#### PROBLEM
From the line with "Keep Nature Wild - Stay Wild Bison | Sticker" to the end of the data below, restate each line word for word, both ends included, without the pictures.

#### INPUT DATA

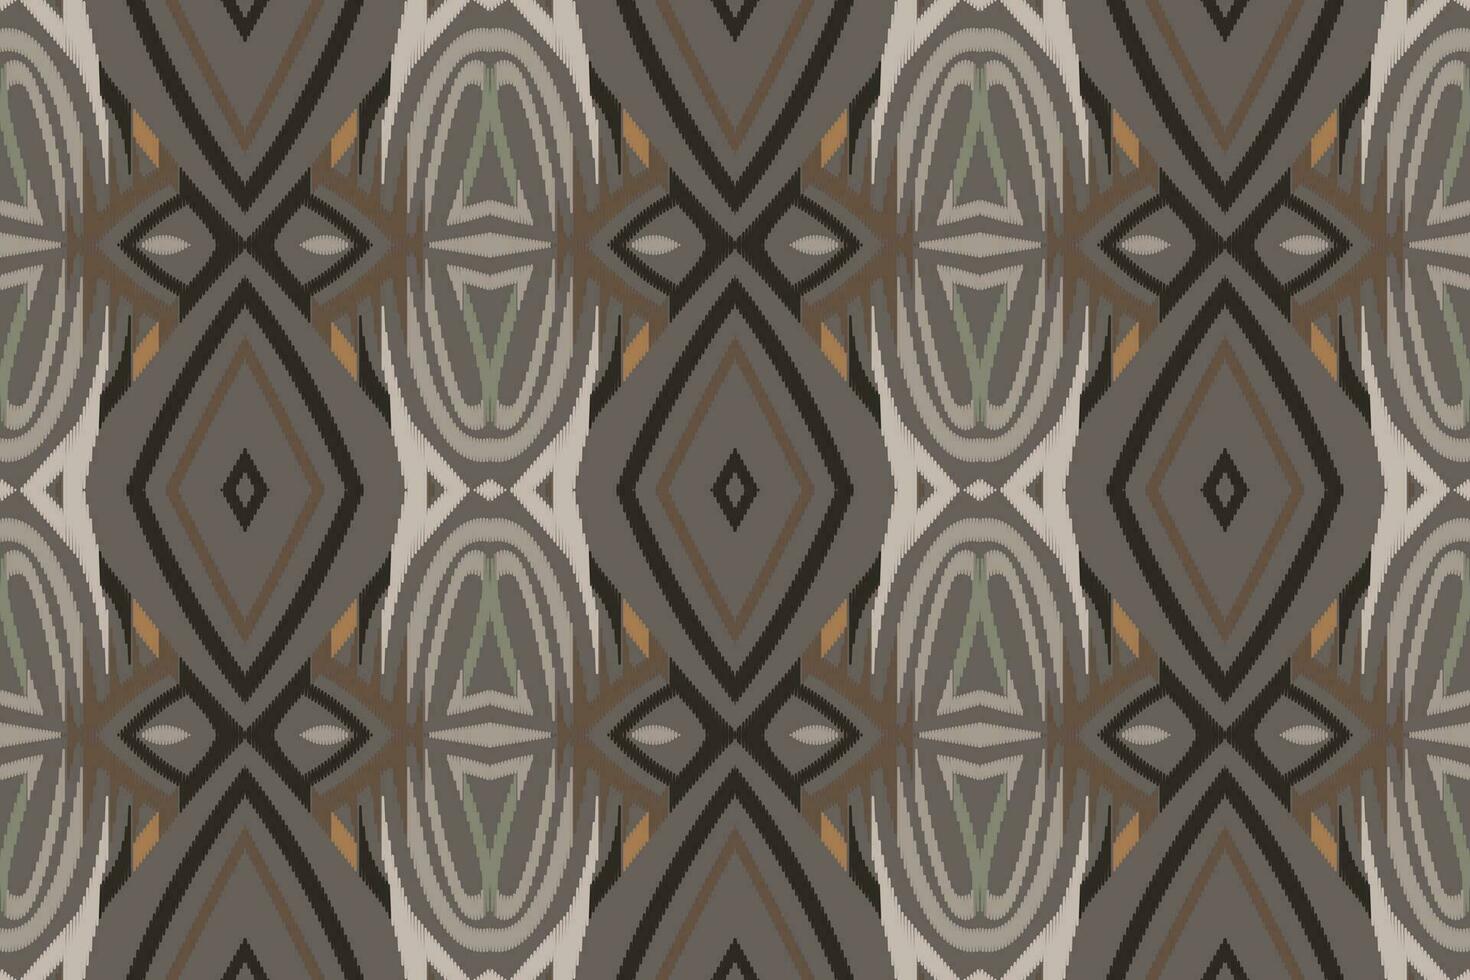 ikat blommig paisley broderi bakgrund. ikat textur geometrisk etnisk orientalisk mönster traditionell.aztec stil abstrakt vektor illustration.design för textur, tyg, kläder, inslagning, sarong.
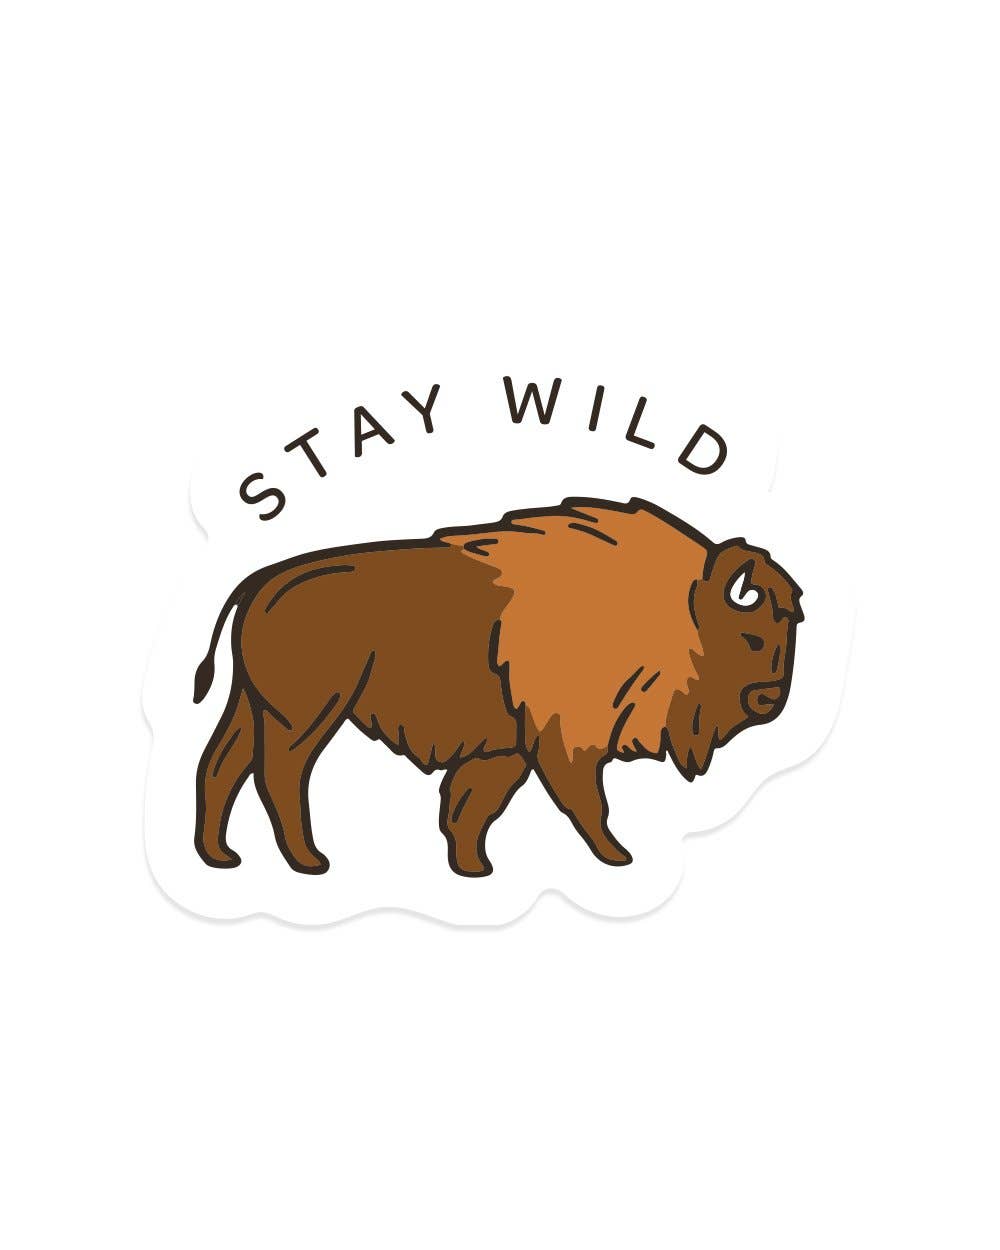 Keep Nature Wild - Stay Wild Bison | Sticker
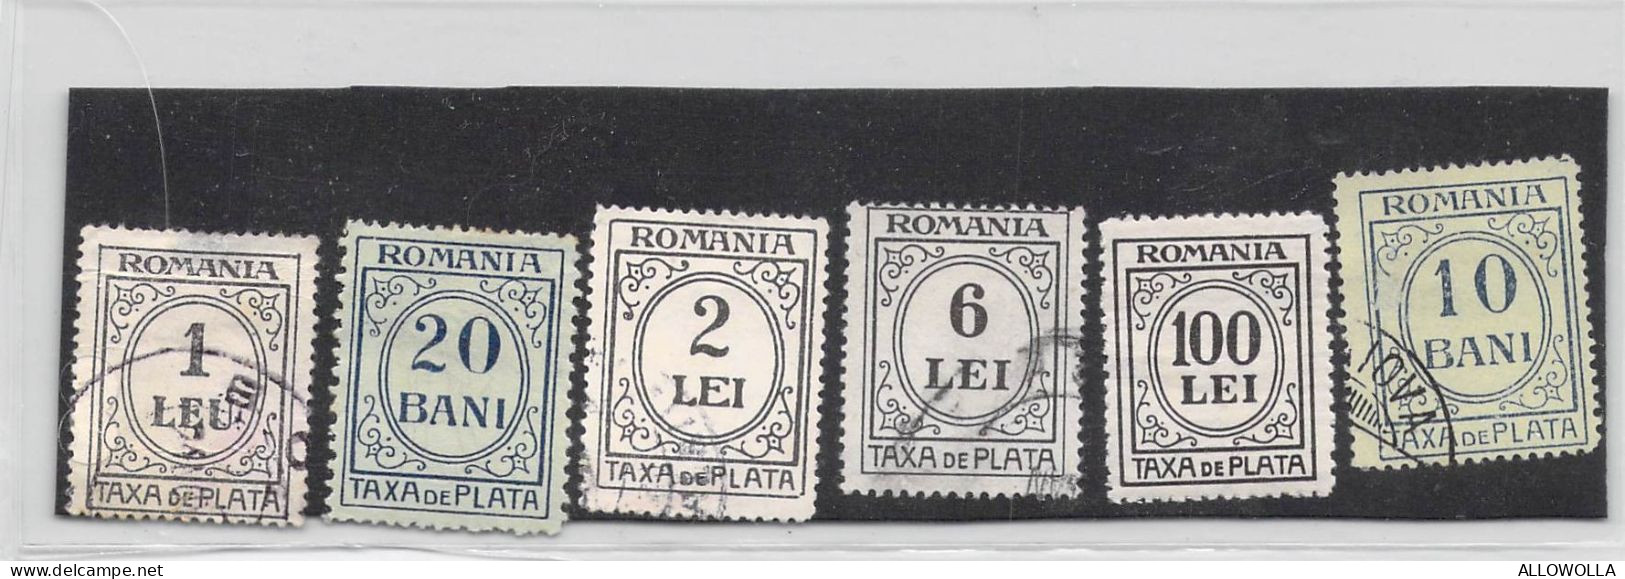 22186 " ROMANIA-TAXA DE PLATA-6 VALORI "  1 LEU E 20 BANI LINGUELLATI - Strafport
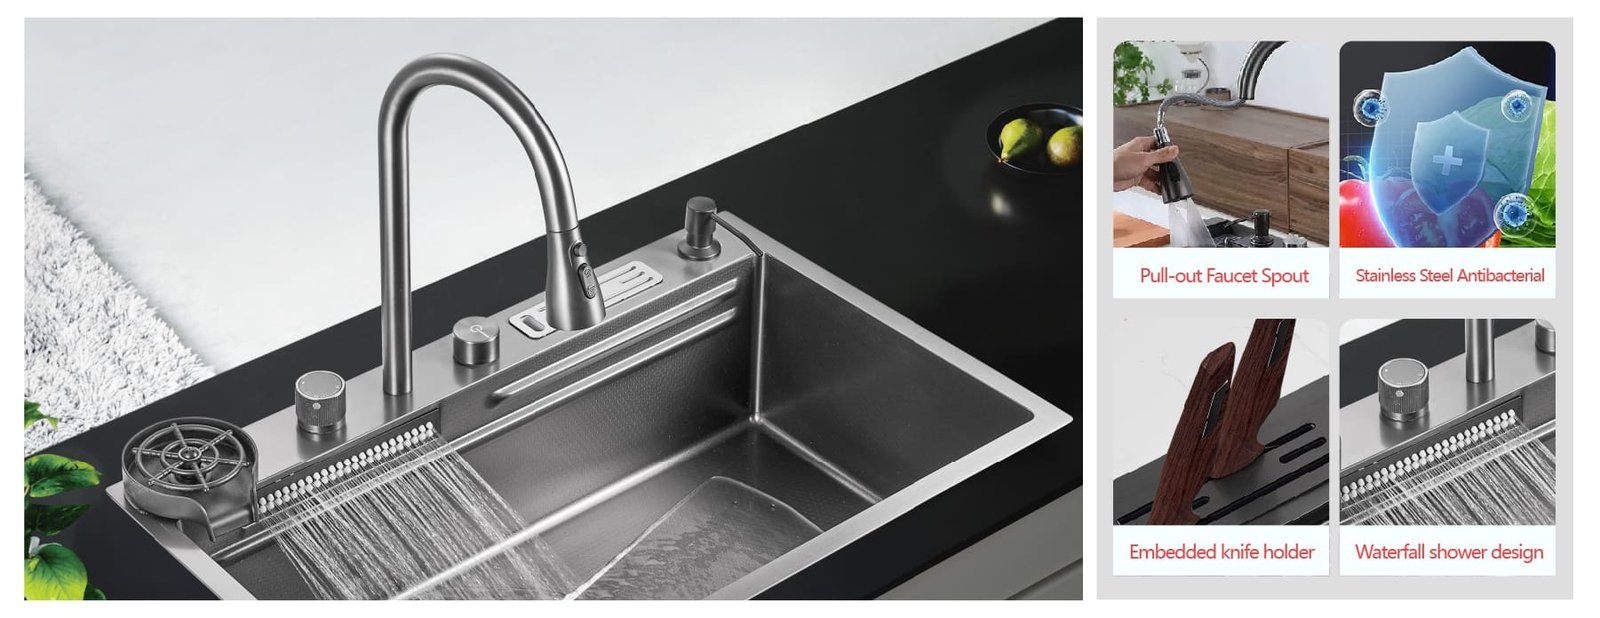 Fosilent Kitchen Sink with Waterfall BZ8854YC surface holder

#### EXERCISE OUTPUT
 Keep Nature Wild - Stay Wild Bison | Sticker
 22186 " ROMANIA-TAXA DE PLATA-6 VALORI "  1 LEU E 20 BANI LINGUELLATI - Strafport
 Fosilent Kitchen Sink with Waterfall BZ8854YC surface holder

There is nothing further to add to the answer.